TDA in Drug Discovery: Molecular Topology

3 minute read

Published:

TL;DR: Molecular structures — atom position clouds with element types — are natural inputs for TDA. By building element-specific Rips filtrations (e.g., on carbon atoms, on nitrogen atoms, on C–N atom pairs), one computes persistence diagrams that encode ring systems, binding pockets, and molecular cavities. These topological molecular descriptors predict ADMET properties and binding affinities better than many classical fingerprints, especially when combined with GNNs.

Molecular Topology

A molecule can be represented as a 3D point cloud: \(P = \{(x_i, \text{element}_i)\}\) where \(x_i \in \mathbb{R}^3\) is the 3D position of atom \(i\) and \(\text{element}_i \in \{\text{C}, \text{N}, \text{O}, \text{S}, \ldots\}\) is the element type.

Traditional fingerprints (Morgan/ECFP, MACCS keys): encode local graph structure (subgraph patterns up to radius \(r\)). These miss:

  • 3D spatial arrangement.
  • Multi-scale geometric features.
  • Cavities and voids.

Topological fingerprints from persistent homology capture all of the above.

Element-Specific Filtrations

Cang & Wei (2017) introduced element-specific TDA: instead of one Rips filtration on all atoms, compute separate filtrations for each element type and pair:

  • \(\mathrm{Rips}(P_C)\) — carbon-only complex; \(H_1\) captures aromatic rings and ring systems.
  • \(\mathrm{Rips}(P_N)\) — nitrogen atoms; encodes nitrogen-containing rings (pyridine, imidazole).
  • \(\mathrm{Rips}(P_{C,O})\) — carbon-oxygen pairs; captures carbonyl and ether geometry.

Each element-specific diagram is vectorised (persistence images) and concatenated into a multi-channel topological fingerprint.

Performance: On benchmark ADMET datasets (solubility, toxicity, metabolic stability), element-specific TDA features achieve state-of-the-art performance among non-deep-learning methods and are competitive with GNNs.

Protein Binding Site Detection

H₂ persistence of the protein surface point cloud captures cavities (enclosed voids) that correspond to binding pockets:

  • A large, long-lived \(H_2\) bar = a deep, geometrically robust cavity.
  • Birth scale \(b\) ≈ pocket entrance width; death scale \(d\) ≈ pocket depth.

This gives a scale-parameterised pocket detection without requiring a threshold on solvent-accessible surface area.

Binding pocket score: $$\mathrm{PS} = \max_{(b,d) \in H_2(\text{surface})} (d - b) \cdot d$$

Protein-Ligand Interaction

For a protein-ligand complex:

  1. Build element-specific Rips filtrations on the complex and on the apo protein.
  2. Compute the difference in persistence diagrams (before and after ligand binding).
  3. The “topological fingerprint of binding” = the difference diagram.

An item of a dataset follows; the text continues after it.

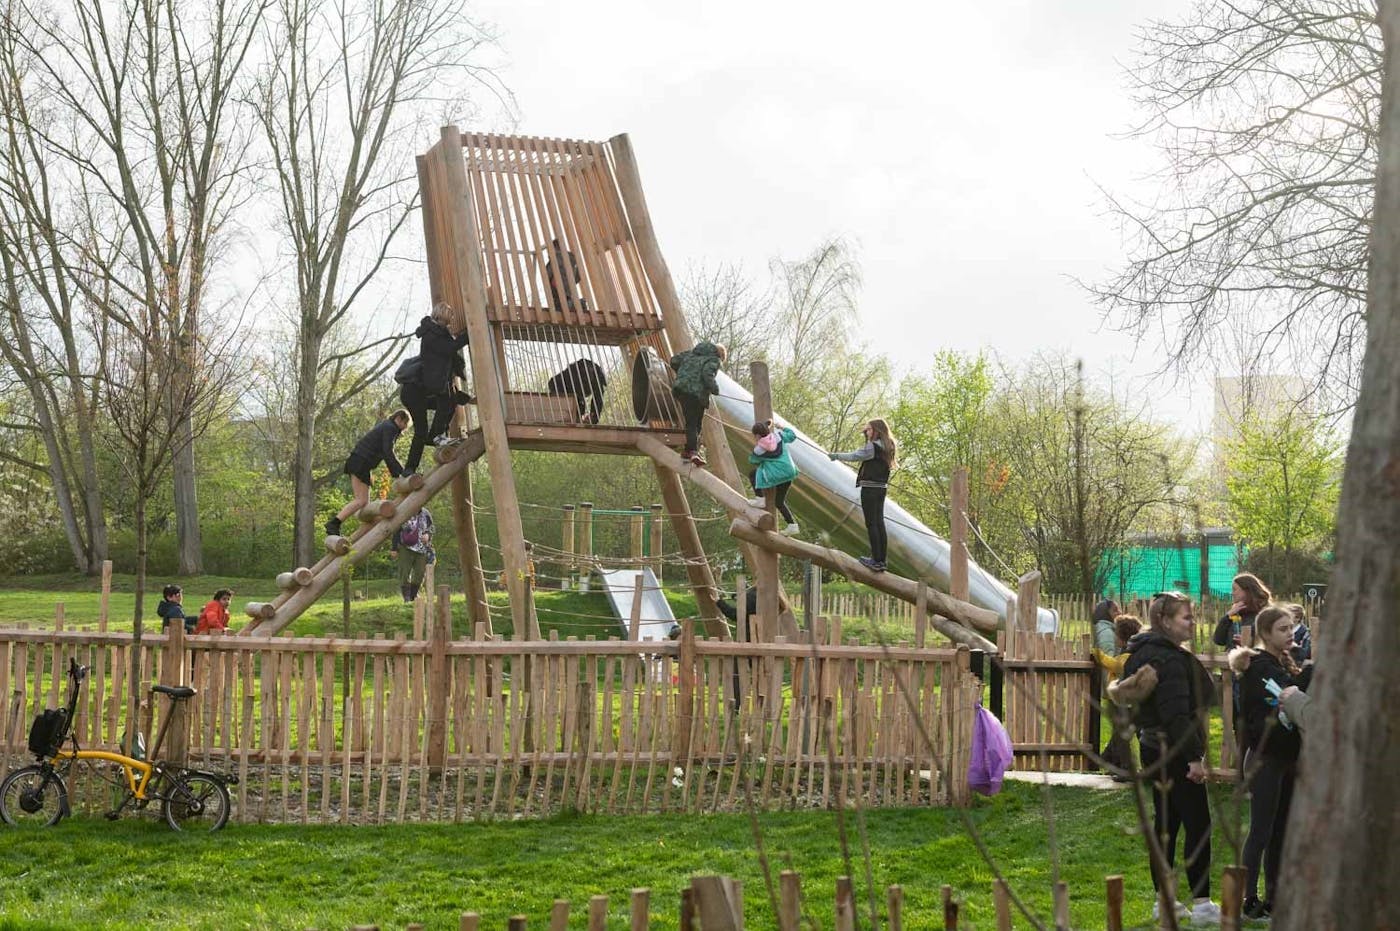 a group of people on a wooden structure

This captures how the ligand changes the topological environment of the binding pocket — complementary to docking score energy terms.

Key Insight: The power of TDA in drug discovery comes from capturing ring systems — both aromatic rings (critical for drug-likeness) and macrocyclic loops (increasingly important drug scaffolds). Classical 2D fingerprints count ring patterns by subgraph matching; TDA captures them geometrically via H₁ persistence. The geometric information (ring size, 3D arrangement, conformation) is automatically encoded in the birth-death times, giving TDA a natural advantage for 3D-QSAR applications.

References

  • Z. Cang, G.-W. Wei, “TopologyNet: Topology Based Deep Convolutional and Multi-Task Neural Networks for Biomolecular Property Predictions,” PLOS Computational Biology, 2017.
  • K. Xia, G.-W. Wei, “Persistent Homology Analysis of Protein Structure, Flexibility, and Folding,” International Journal for Numerical Methods in Biomedical Engineering, 2014.
  • C. Nguyen, Z. Cang, K. Wu, M. Chen, Y. Nie, G.-W. Wei, “Mathematical Deep Learning for D and F Block Organometallic and Inorganic Chemistry,” J. Chem. Inf. Model., 2018.